In the previous examples, we have used students and teachers as symbolic centers of their sociocultural context. We have chosen to do this in order to share the hidden (and, not so hidden) influences that affect, and are affected by, all of us. For our final example of this chapter, we purposely move to a sociocultural context that is more grounded: libraries.

Le taught a summer course for preservice teachers in Foundations of Bilingual Education, which focused heavily on the social, cultural, historical, and political contexts of language acquisition in the United States. One specific assignment for the future teachers was designed to lead the students into the community-not necessarily “their” community, but the community of the students who were in the process of acquiring English as another language. Le started concretely with maps, representing various neighborhoods. On the maps, the library or libraries were highlighted. Slowly the students began to realize that the “neighborhood map” was that of the schools in which they were being placed for student teaching.
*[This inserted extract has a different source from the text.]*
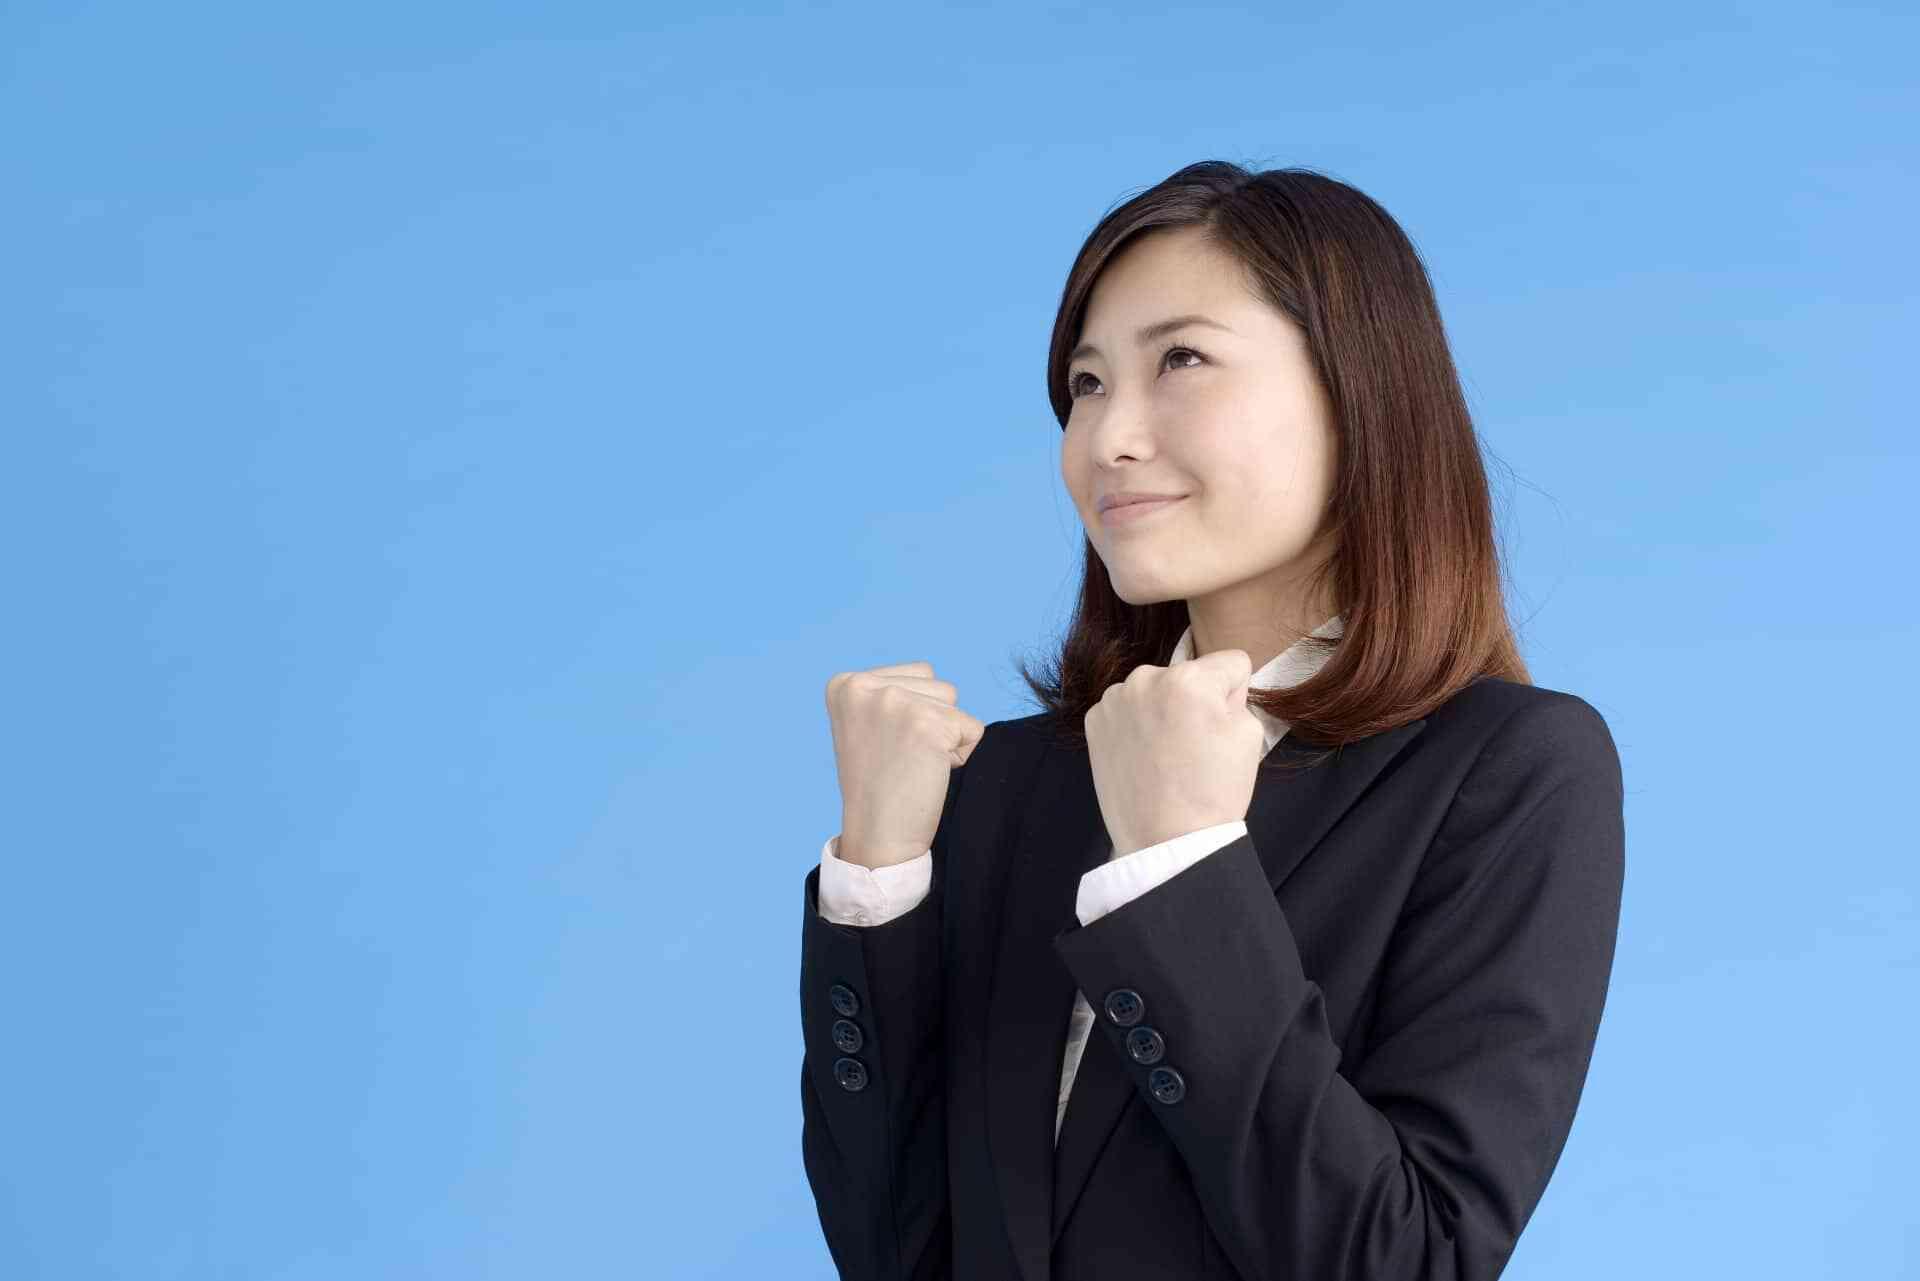 商社で働くメリット・デメリットを紹介

The maps were clearly marked with the bus routes, the homes of the students, and the locality of the libraries. The first thing that the preservice teachers noticed when looking at the maps was the proximity to the school and library for many of the students.

Le’s assignment for the future teachers was deceptively simple: They were to visit the library and map where the bilingual books were located. If the students wanted to simply read a book in a language that they could understand, where were those books located? She told the preservice students to ask for help from the librarians for bilingual books and then to map the area made available for families to sit and read.
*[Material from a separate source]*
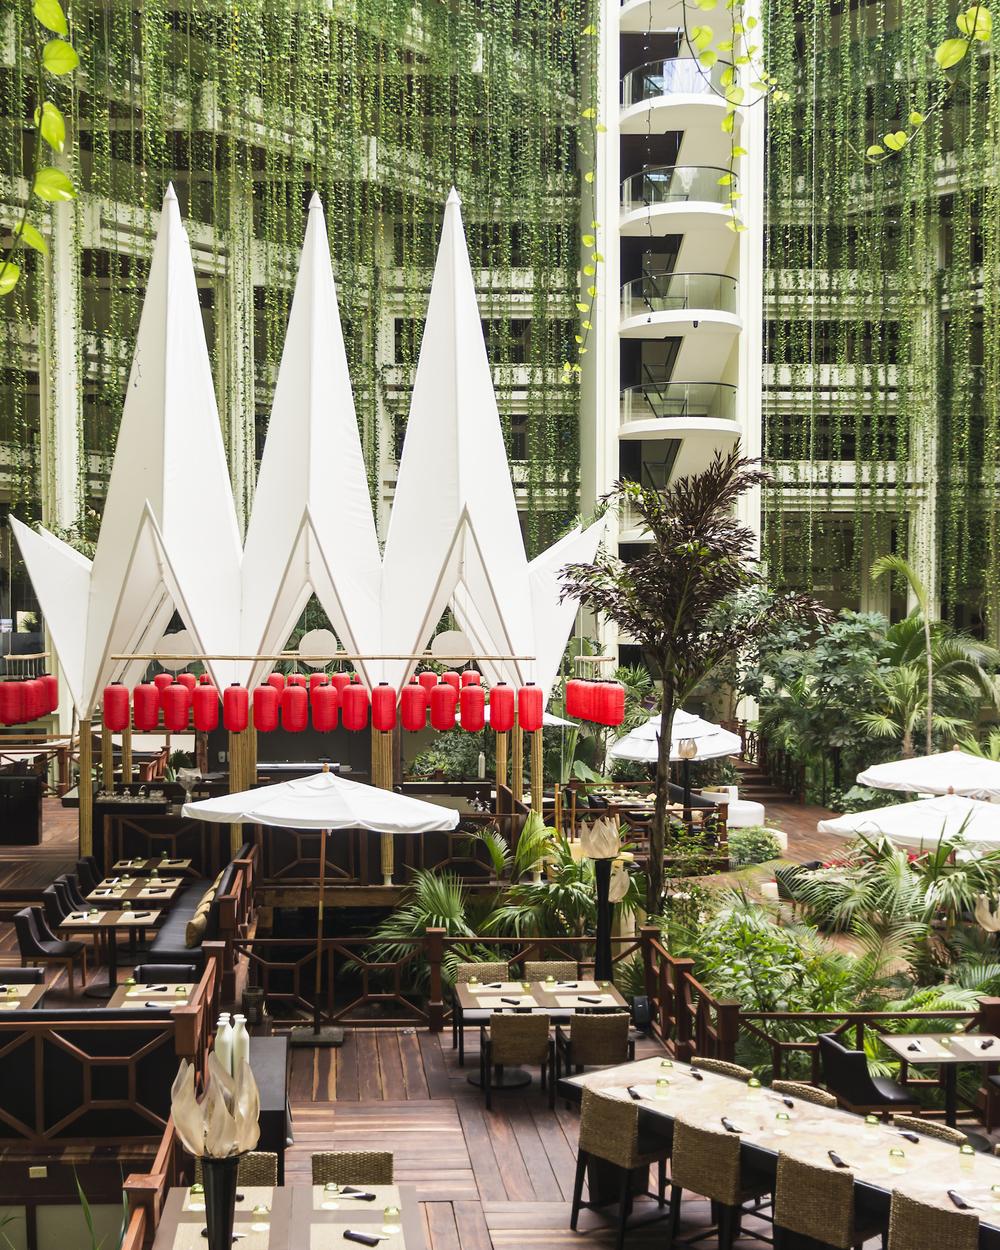 Paradisus-Cancun-Lobby-Restaurant.jpg

The range of findings by these pre-service teachers is worth noting. Of the 18 in that university cohort of learners, two came back with glowing reports of how esthetically pleasing and inviting the reading areas were. The bilingual books were easy to find; the librarians wonderfully helpful; the library even had out-reach programs in place that invited the parents to come in and read with their children. Not surprisingly, these libraries had good attendance as noticed by the students when they did their observations.

Now for the rest of the story. Most of the university students were outraged at the condition of the libraries they observed. The bilingual books were located on upper levels, on high shelves, not easily accessible to anyone. One of the future teachers even went in and asked for help in Spanish. She was completely ignored until she “code-switched” to English. She was furious. Others talked about how easy it was to get to the library, if you had access to a car. Some of the preservice students decided to make this a “real” experience so they took the bus to the library. After multiple transfers, they decided that they would not do that again. It was just too hard to get there and back in any decent amount of time. These university students could find no other public outreach programs at these local centers. The preservice teachers experienced first hand a glimpse into the frustration that parents and children whose first language is not English feel when they are trying to do something as simple as checking books out of the library.

The availability of the books was an issue; the ease of transport to the libraries was an issue; the way in which the patrons were treated was an issue; lack of outreach was an issue. Bookmobiles would be one way to make the books more accessible, but thereal issue is how little money is being spent on part of the population who has the least access to any kind of reading materials.

It is not that parents do not value reading and books; rather, it is that the contexts make it hard for them to access the books. This activity in the “real” sociocultural context of the future students caused the preservice teachers to reflect critically on some of their long-held assumptions about literacy of students who are in the process of acquiring an additional language.